Это он стоял теперь за стойкой «Седьмого святого» вместо Виктора — прежнего приятеля Оберона. Общение с Зигфридом, этим толстым туповатым увальнем, не доставляло Оберону удовольствия. При всем его покровительственном тоне, в нем чувствовалась отнюдь не отеческая жесткость, едва ли не упоение чужими слабостями, тайное Schadenfreude. [46]

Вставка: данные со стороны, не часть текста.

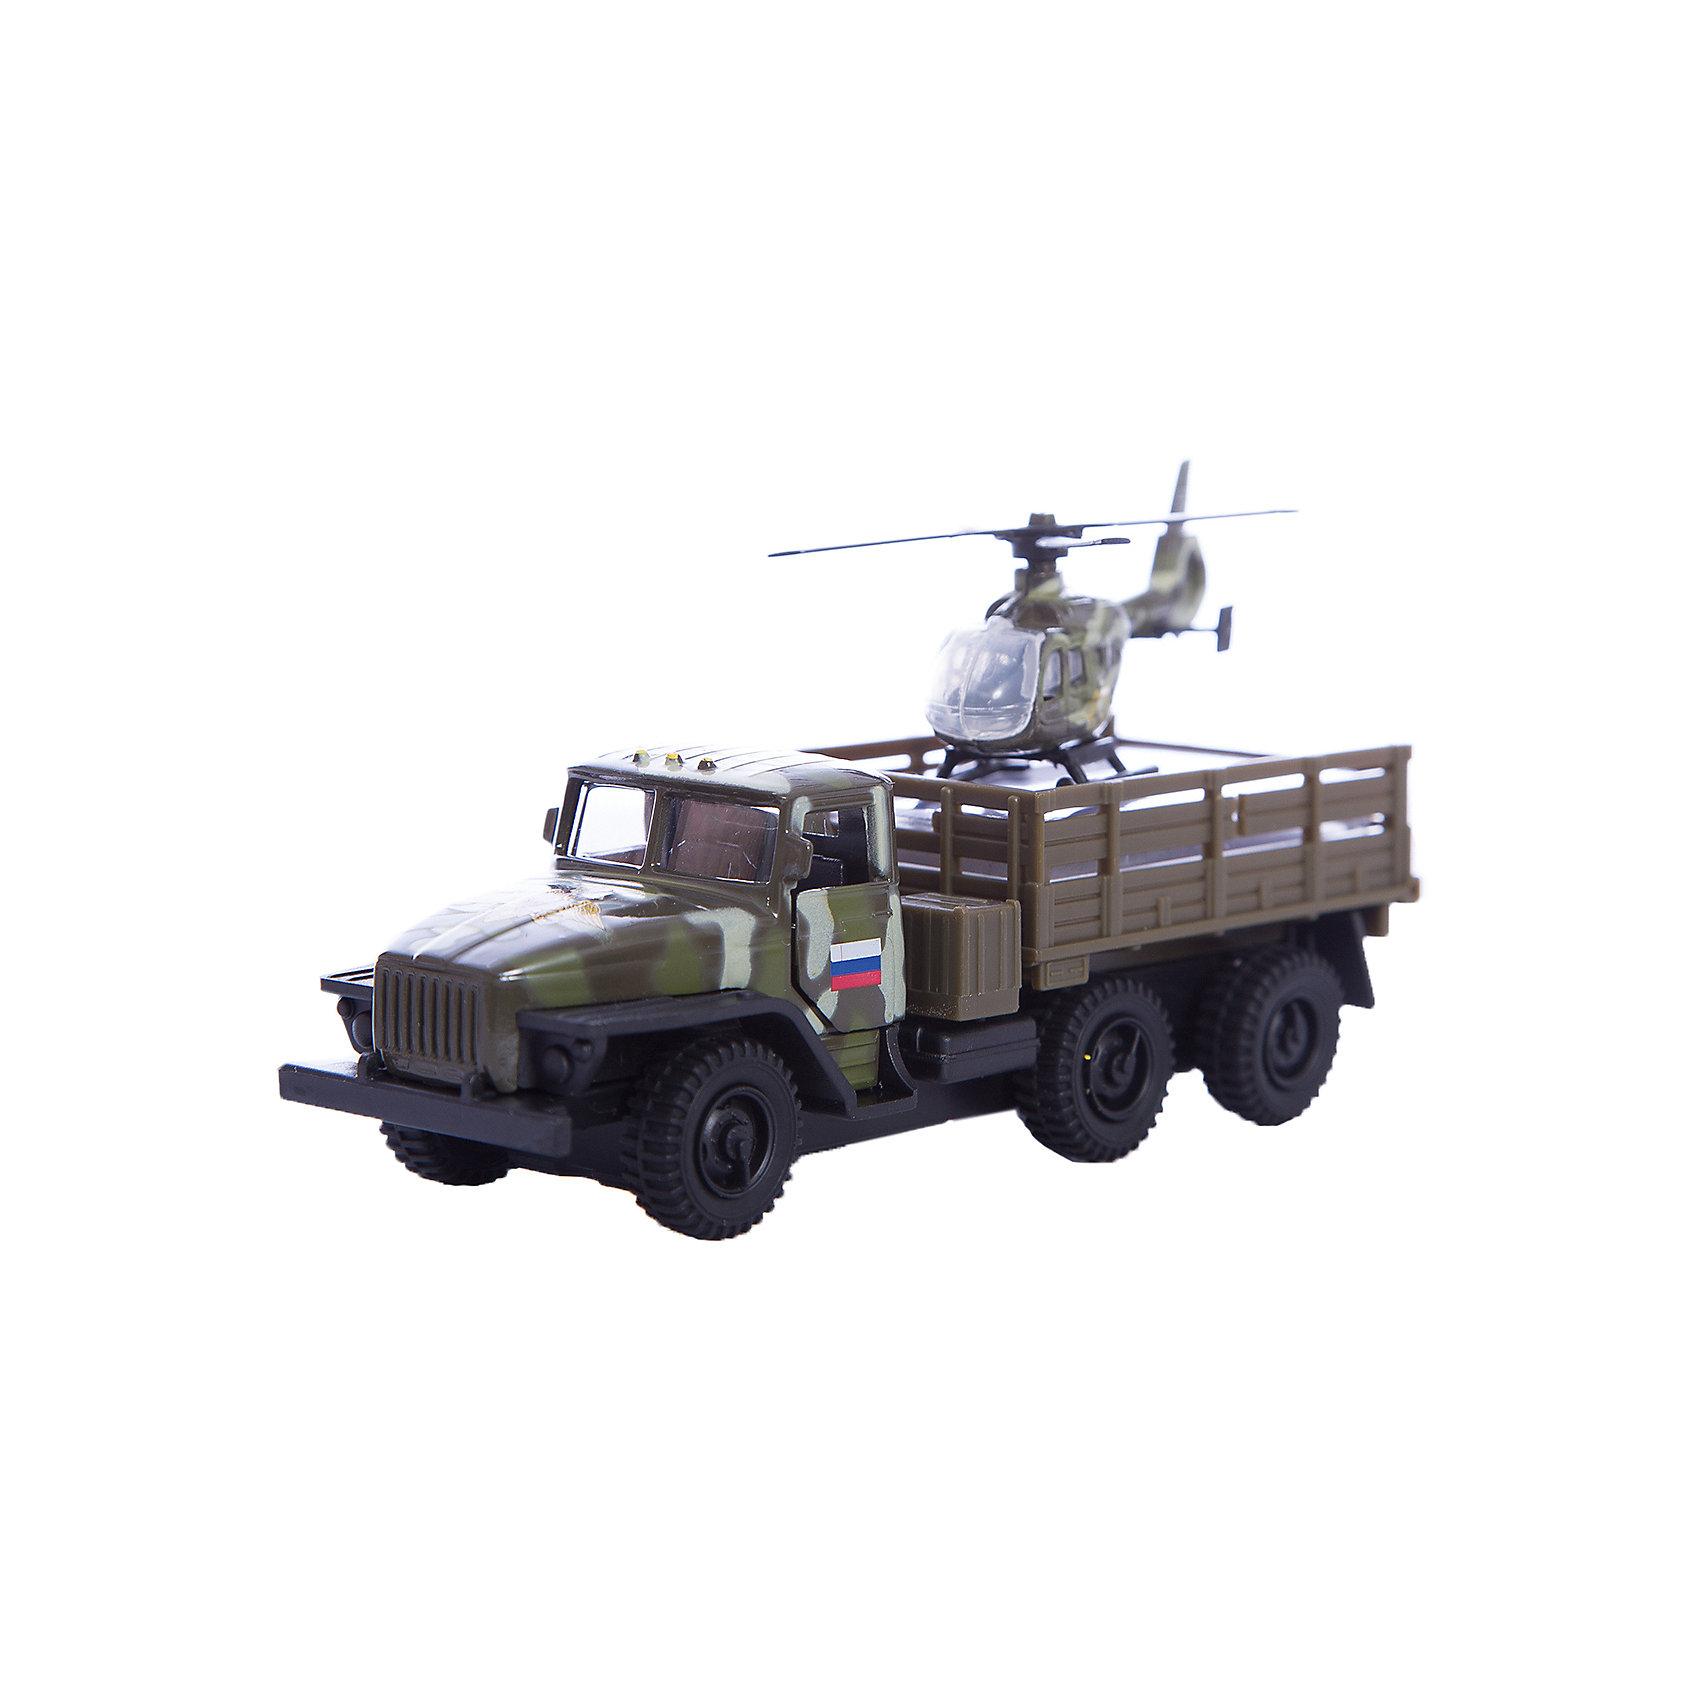 Машина Урал с вертолетом, ТехнопаркКоллекционные модели<br>Характеристика:<br><br>- Возраст: от 3 лет.<br>- В комплекте: машина, вертолет. <br>- Материал: металл, пластик.<br>- Размер упаковки: 17х15х6 см.<br><br>Прекрасный подарочный набор для мальчика!<br>Игрушка выглядит очень реалистично, а еще, у автомобиля открываются капот и двери кабины, причем под капотом можно увидеть детали двигателя.<br><br>Машина Урал с вертолетом, можно купить в нашем магазине.<br><br>Ширина мм: 50<br>Глубина мм: 150<br>Высота мм: 170<br>Вес г: 170<br>Возраст от месяцев: 36<br>Возраст до месяцев: 72<br>Пол: Мужской<br>Возраст: Детский<br>SKU: 5099089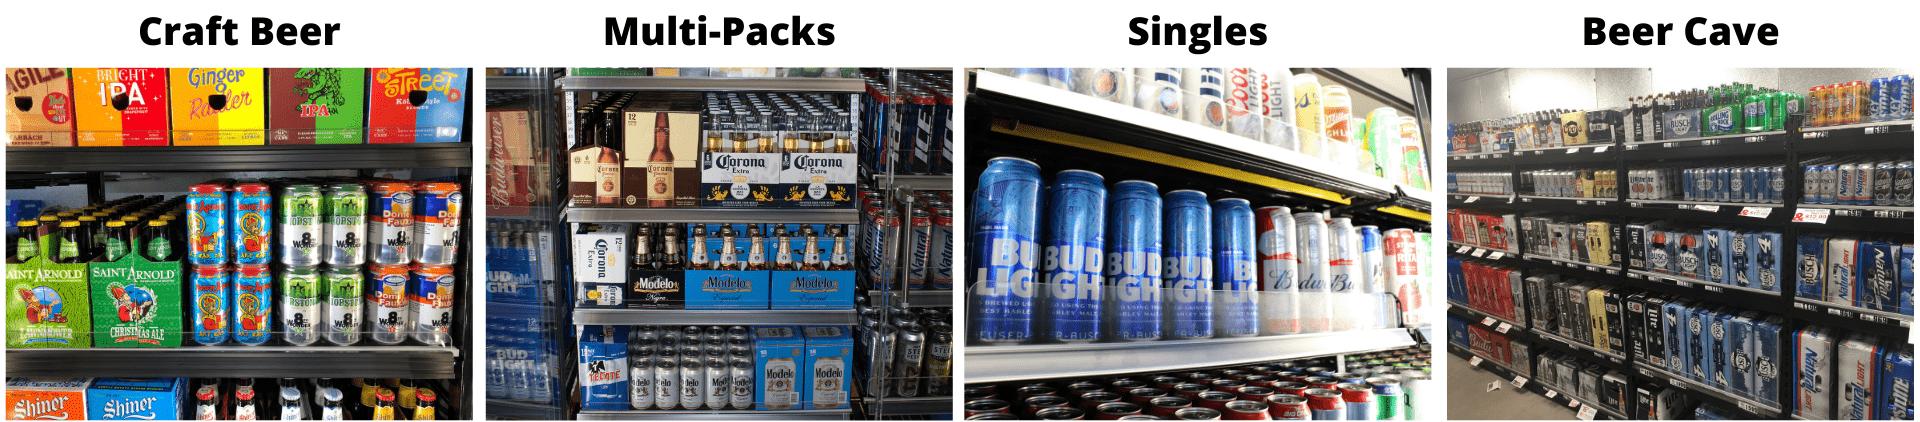 FlexRoller Beer Merchandising

— Да, — кивнул Оберон. — Да уж. — Где-то вдалеке грянули выстрелы. Чтобы избавиться от необходимости реагировать, Оберон решил принять их за фейерверк. На улицах никогда не видишь убитых — во всяком случае, не чаще, чем мертвых кроликов или птиц в лесу. Так или иначе, кто-то их убирает. — Но тут ничего, прохладно, — добавил он с улыбкой.
Снаружи завыли на ходу сирены, направляясь куда-то еще.
— Где-то что-то случилось, — проговорил Зигфрид. — Все эта манифестация.
— Манифестация?
— Рассел Айгенблик. Большое представление. А ты не знал?
Оберон помотал головой.
— Ну и ну, и где ты только прятался? И об арестах ничего не слышал?
— Нет.
— Несколько парней с ружьями, бомбами и литературой. Их нашли в подвале какой-то церкви. Это была какая-то церковная группа. Планировали убийство или что-то вроде того.
— Собирались убить Айгенблика?
— Черт их знает! Может, это были его люди. Точно не запомнил. Только он прячется, единственно сегодня вот эта большая демонстрация.
— За него или против?
— Черт их знает!
Зигфрид отошел. Если Оберону нужны подробности, пусть найдет в газете. Это ведь не допрос — так, мимолетная беседа. Бармену есть чем заняться поважнее. Оберон, смущенный, взялся за стакан. Снаружи, группами по двое-трое, спешил, оглядываясь, народ. Кто-то кричал, другие смеялись.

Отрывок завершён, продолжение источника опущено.